» Work instruction
Can you copy out the data exactly? Leave the images out.

» Supplied data
+-------+

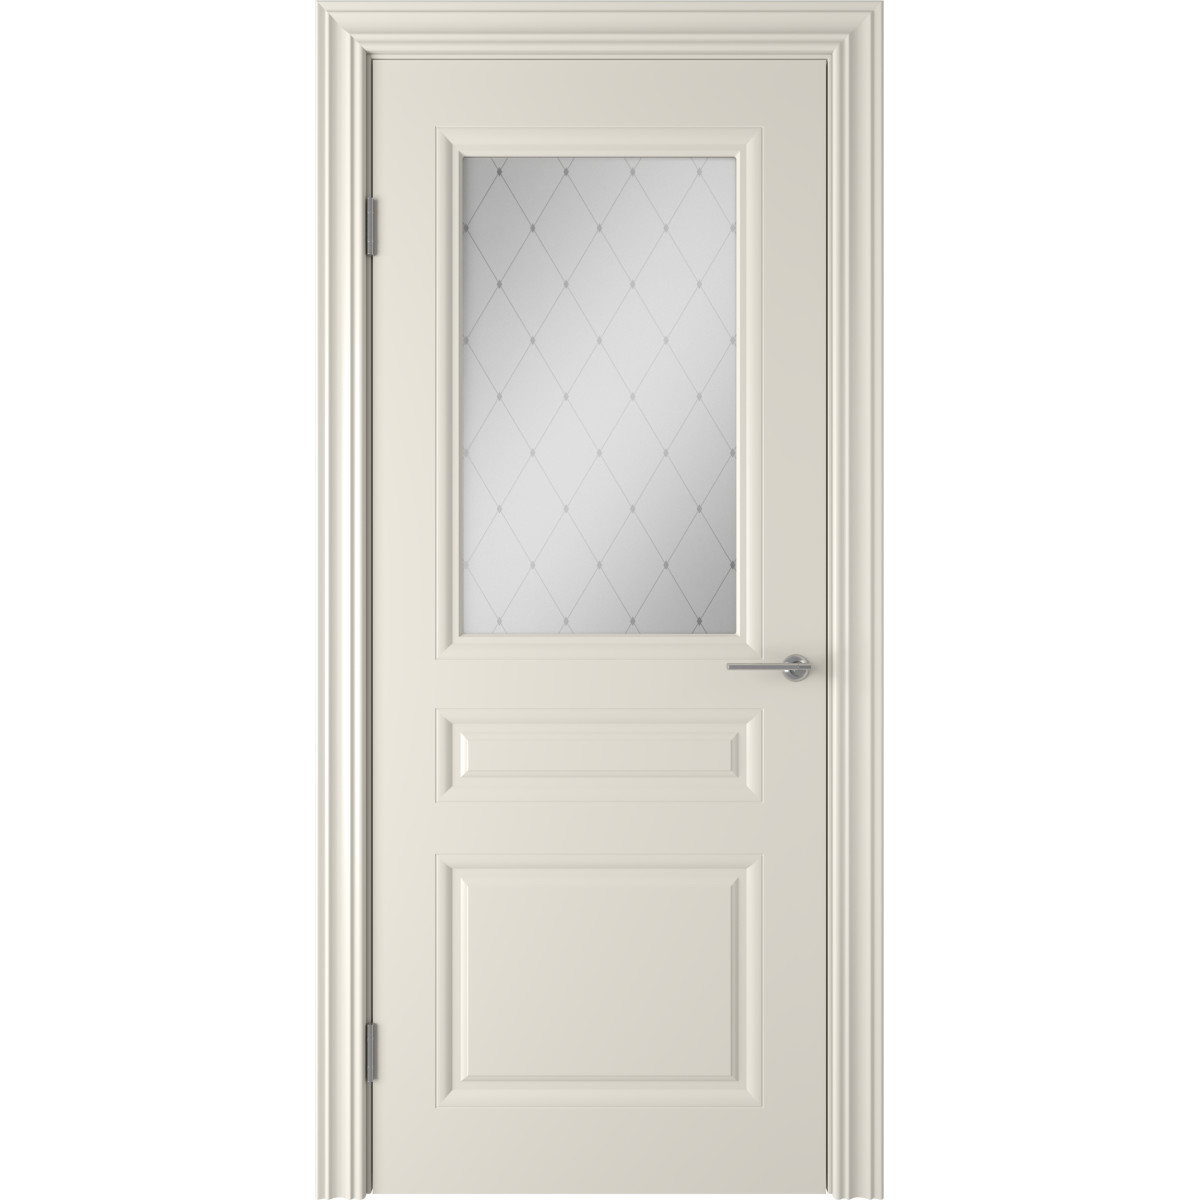 Дверь межкомнатная остеклённая с замком и петлями в комплекте Стелла 90x200 см эмаль цвет слоновая кость
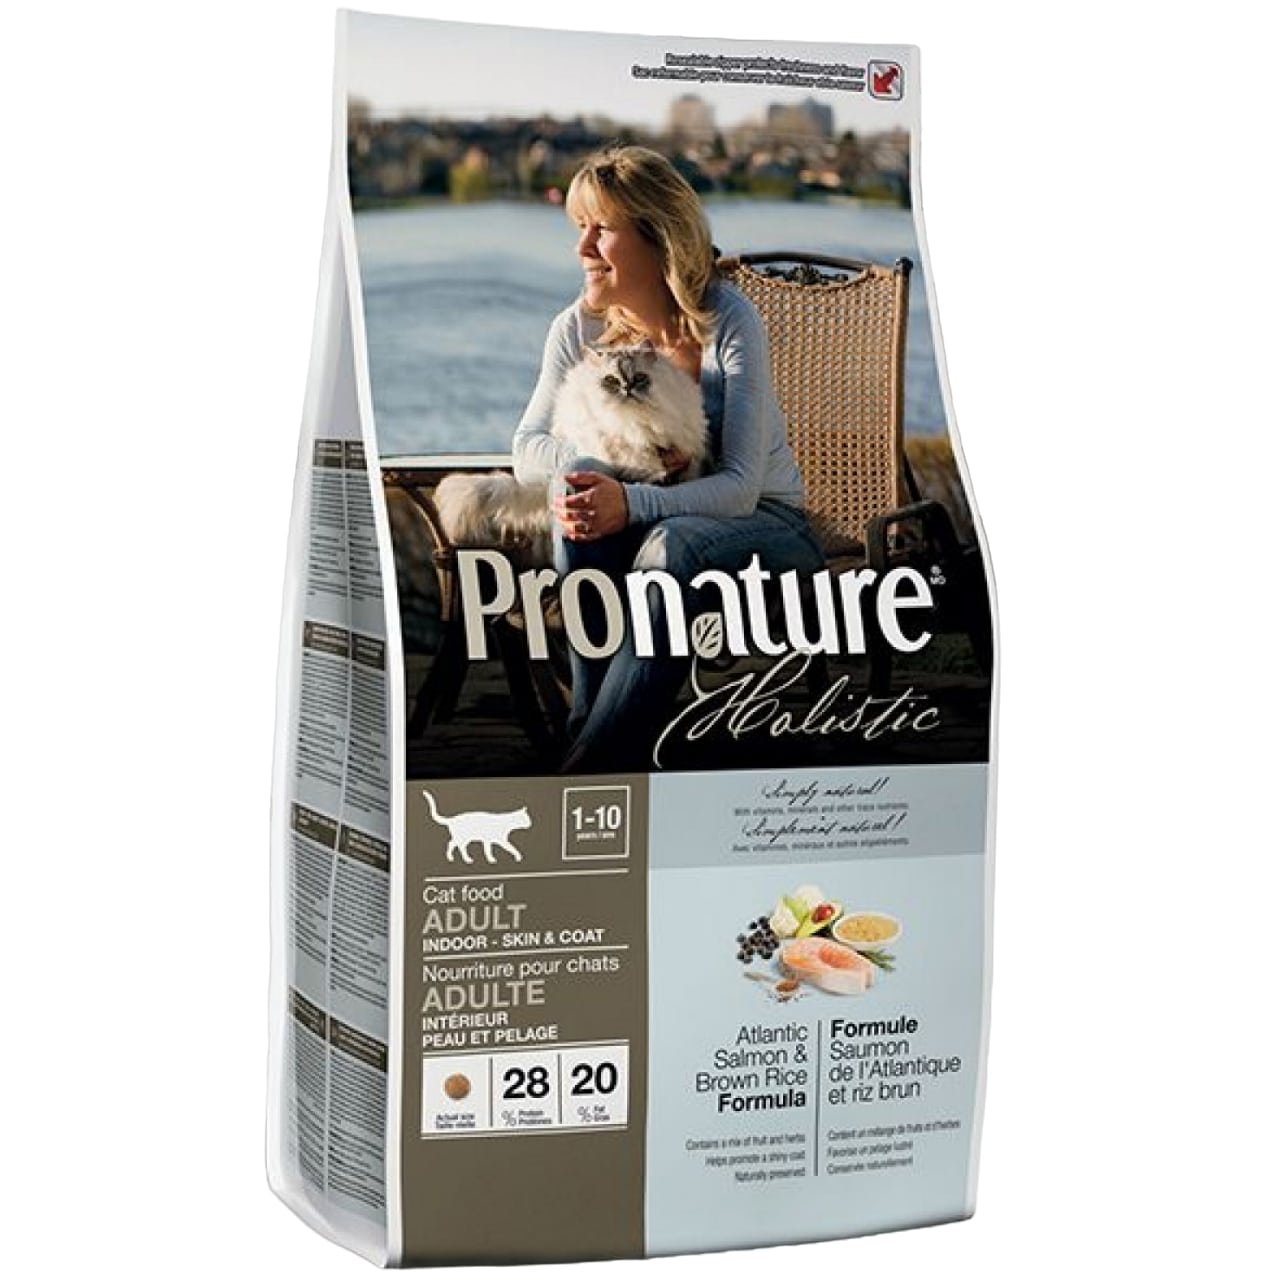 Сухий корм для котів Pronature Holistic Atlantic Salmon & Brown Rice 2.72 кг - фото 1
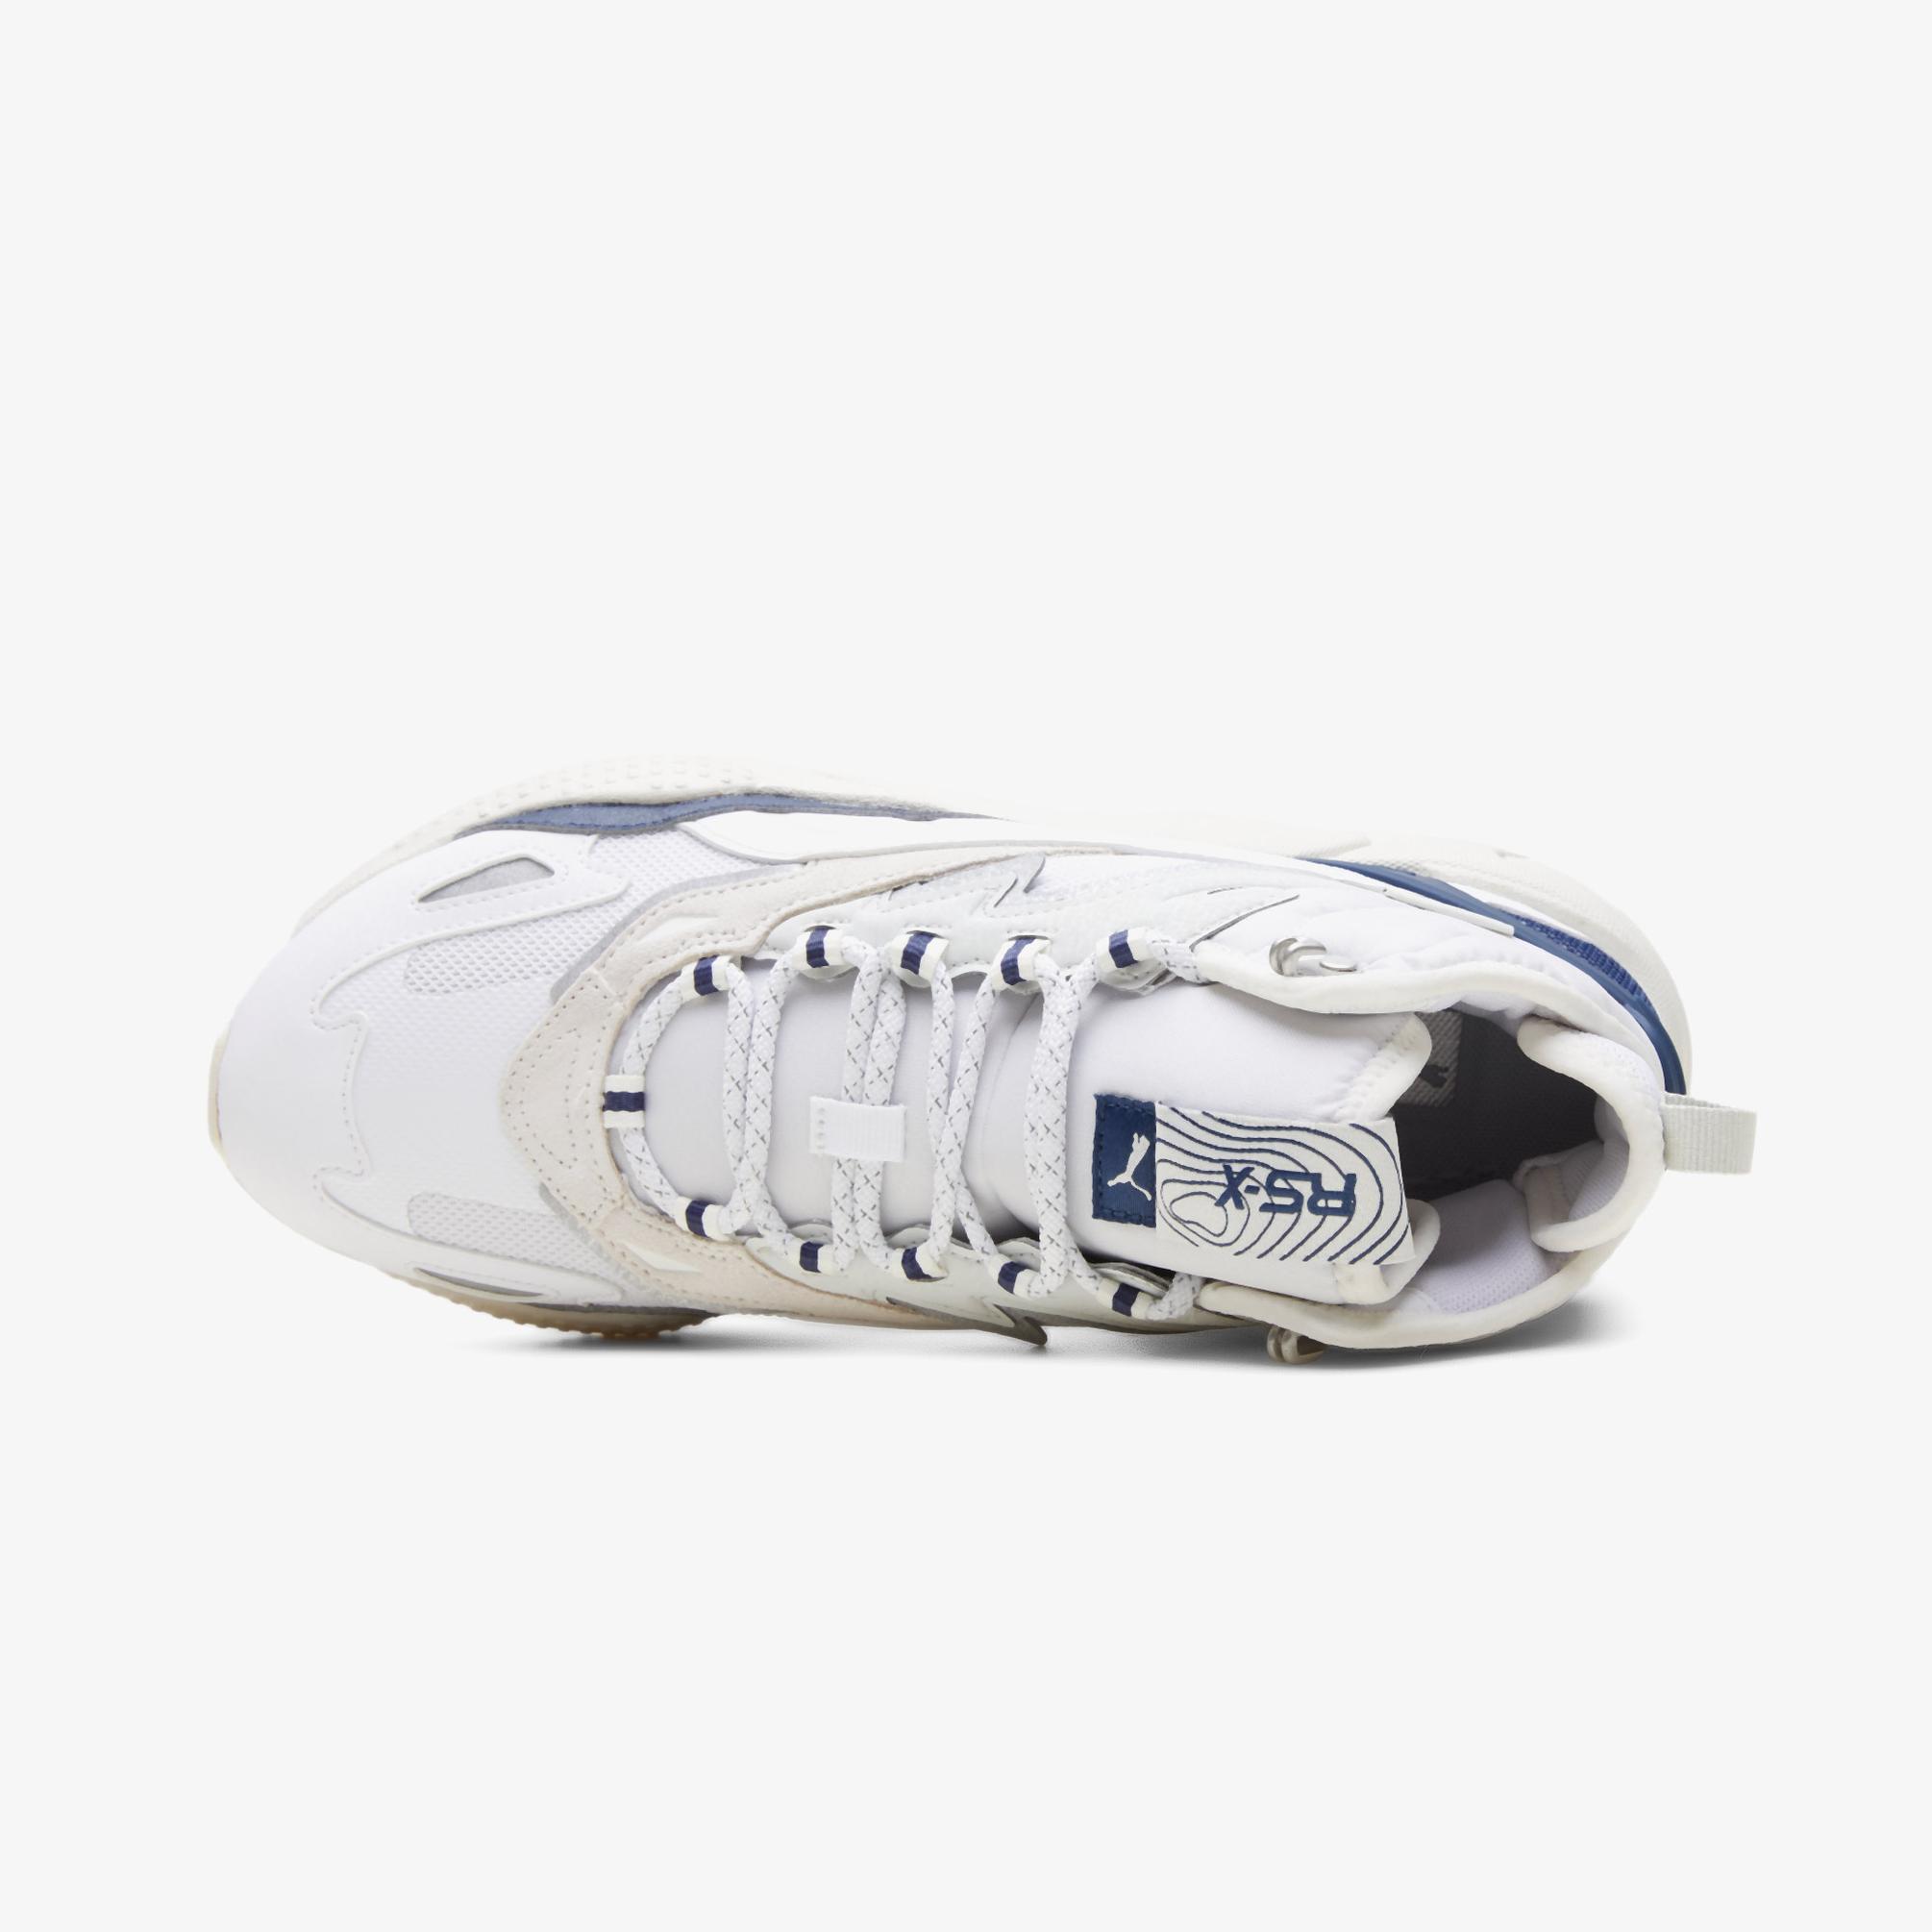  Puma RS-X Hi Erkek Beyaz Spor Ayakkabı

+-------+

» Written solution
 Дверь межкомнатная остеклённая с замком и петлями в комплекте Стелла 90x200 см эмаль цвет слоновая кость
 Сухий корм для котів Pronature Holistic Atlantic Salmon & Brown Rice 2.72 кг - фото 1
  Puma RS-X Hi Erkek Beyaz Spor Ayakkabı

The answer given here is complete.